В общем, все прошло нормально, после работы мы с ребятами выпили, поздравили друг друга и пошли по домам.

И вот вечером сижу я перед телевизором, бутылочку законную тяну, на завтра отгул всем дали. Новости смотрю. Инаугурация в Кремле. Двери золотые огромные распахиваются, толпа главных людей страны аплодирует, а Путин идет скромно так по проходу и всех как бы благодарит улыбкой, даже не улыбкой — глазами одними. И видно, что поволновался, но виду старается не продавать. И выпил я за него рюмку.

Каналами пощелкал — а я к кабельному был подключен, ткнул этот — «Дождь» — ну, чего они там наврут? А они показывают, как ребята тех уродов на Болотной прессуют. Выпил я за ребят.

И вот тут это у меня и случилось. Припадок. В первый раз. Я сначала подумал, что водкой траванулся, намешали там невесть чего. До туалета еле добежал — а меня выворачивает. Полный унитаз. На коленях стою, обнял его, а сам аж наизнанку. Аж дрожу весь, и весь мокрый стал, пот холодный катится.

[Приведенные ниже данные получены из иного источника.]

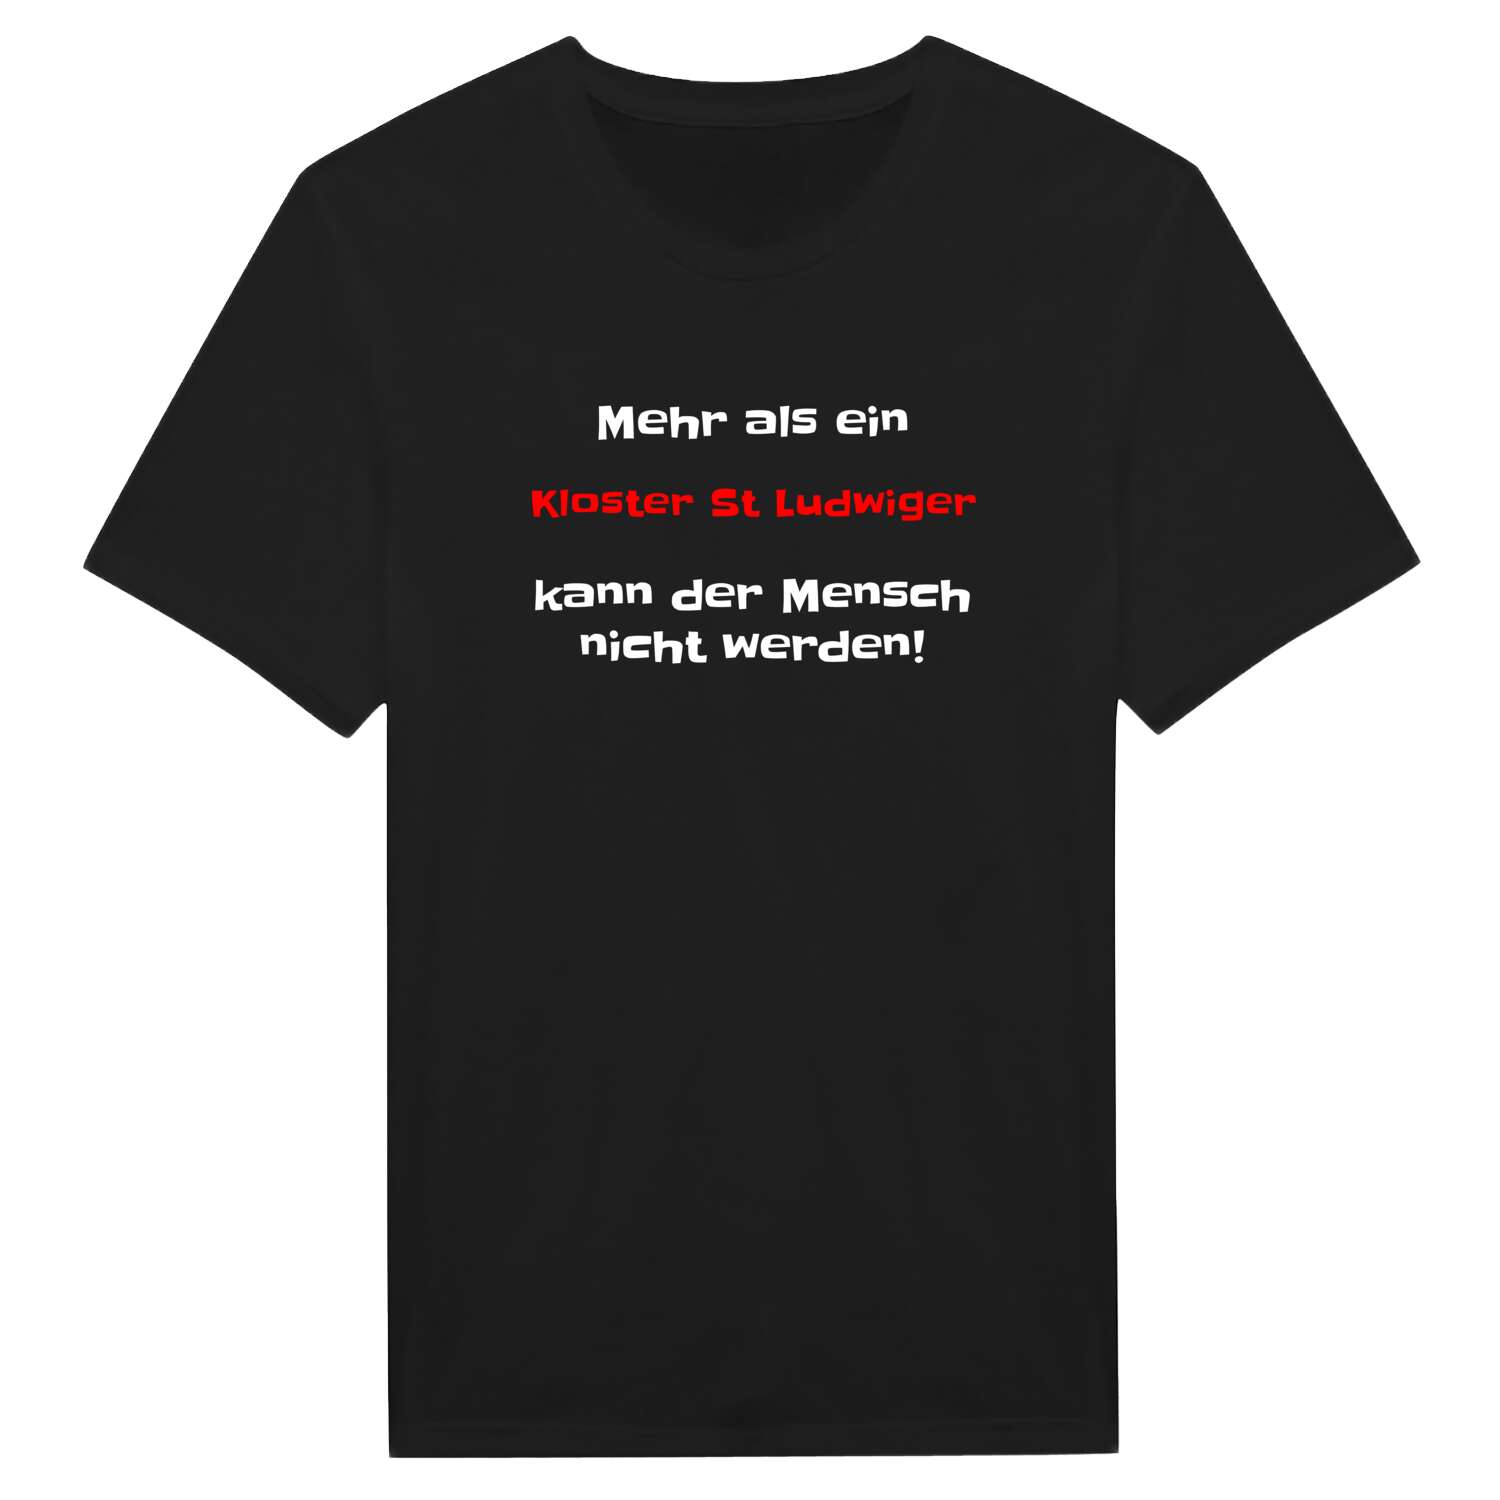 Kloster St Ludwig T-Shirt »Mehr als ein«

Ну, проблевался, помылся-просморкался — вернулся в комнату. Сижу в кресле, по ящику футбол, жена пива принесла — понимает. А в перерыве — новости. И мена — р-раз! — и опять так замутило, хоть сдохни. Все качается, пот, холод, и изнутри как пилкой режет — желчь изо рта бьет, желтая и зеленая. И печень — как после нокаута, крюк левой поймал.

В зеркале — как покойник: белый, синий, глаза запали. Жена плачет со страха. Скорую вызвали. Два часа ждали — я уж сам успокоился. Ну, они вкололи чего-то, желудок промыли, кретины, что там промывать было. А назавтра пошел я в нашу поликлинику.

Сначала гастероэнтеролог, потом невропатолог, потом психолог, анализы неделю сдавал, бюллетень десять дней. Здоров! Ну там феназепам, эгланил, хрень какую-то прописали. И вручили путевку на неделю в наш профилакторий — в лесной. Там вечером санитарке денег дали, она выпить принесла, мы — за наши успехи! И меня — шарах! До утра блевал и трясся, врача переполошил.

…Вот так все и пошло. Дальше — больше. По врачам — все ноги стоптал. На фотографию свою в форме гляну в удостоверении — и с копыт. Я сериалы военные смотрел, теперь гляну — и бегом в туалет, только б по дороге не упасть. Парад в День Победы, ты понял! А я блюю в туалете и плачу. Есть перестал, худой, как Кощей. Стал пакетики с собой носить — чтоб в них травить, если неожиданно.

— А вы в церковь ходить не пробовали? — спросил Белинский.

— Еще как пробовал! Пока в церкви — все отлично. Вышел — и как не был. И молился, и свечки ставил. А потом встретил в храме одного настоятеля — а он по соседнему ведомству подполковником значится. Так я прямо в церкви блеванул, это ж ужас. Потом свечки ставил, замаливал, только по сторонам старался не смотреть, чтоб не увидеть кого ненароком.

Уволили меня, короче. Пошел на работу устраиваться. А работать не могу. Приду, поговорю — и бегом в туалет блевать.

— Вообще не можешь?!

— А я про что. Вот я хоть винтик завинчиваю, а в голове в это время — Путин в Кремле, ребята в органах, и еще последнее время лезут в мысли все время ополченцы наши в Донбассе, героические же ребята! И я с ходу блюю.